At Unity Pain Management in Modesto, CA, trigger point injections are one of the services available to patients dealing with muscle-based pain. A provider can evaluate your symptoms, identify likely trigger points, and discuss whether this treatment may be appropriate for your needs. Every plan is based on a careful evaluation — not a one-size-fits-all approach.

You Deserve Answers — Not Just Guesses

If you have been living with pain that seems to move around, or if you keep getting tests that come back normal, trigger points may be worth exploring with a knowledgeable provider. Muscle pain is real. Referred pain is real. And for many people, finding and treating the actual source of pain — rather than just the place where it is felt — makes a meaningful difference.

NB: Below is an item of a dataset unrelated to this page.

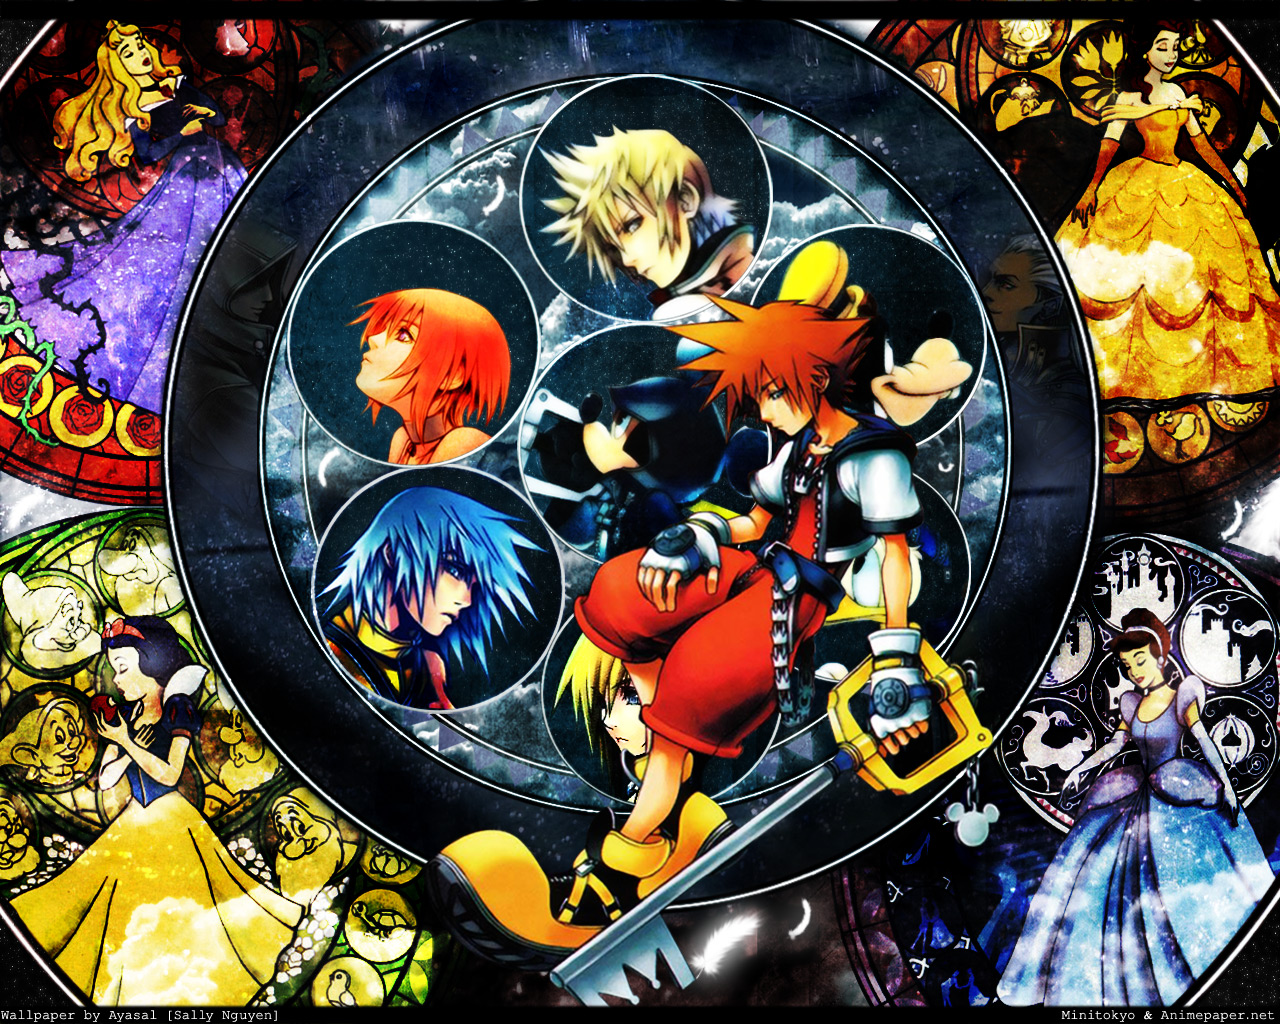 download free kingdom hearts 1.5 and 2.5

You do not have to keep guessing. Reaching out to a pain management specialist who understands trigger points and referred pain patterns is a strong next step. Unity Pain Management welcomes patients across the Modesto area and works with most insurance plans to make care as accessible as possible. Help may be closer than you think.

References

  • Travell, Janet G. and Simons, David G. Myofascial Pain and Dysfunction: The Trigger Point Manual. Williams & Wilkins. 1983.
  • Gerwin, Robert D. “Classification, Epidemiology, and Natural History of Myofascial Pain Syndrome.” Current Pain and Headache Reports. 2001.
  • Dommerholt, Jan and Fernández-de-las-Peñas, César. “Trigger Point Dry Needling: An Evidence and Clinical-Based Approach.” Churchill Livingstone/Elsevier. 2013.
  • National Institute of Neurological Disorders and Stroke. “Pain: Hope Through Research.” National Institutes of Health. 2023.
  • Shah, Jay P. et al. “Myofascial Trigger Points Then and Now: A Historical and Scientific Perspective.” PM&R: The Journal of Injury, Function, and Rehabilitation. 2015.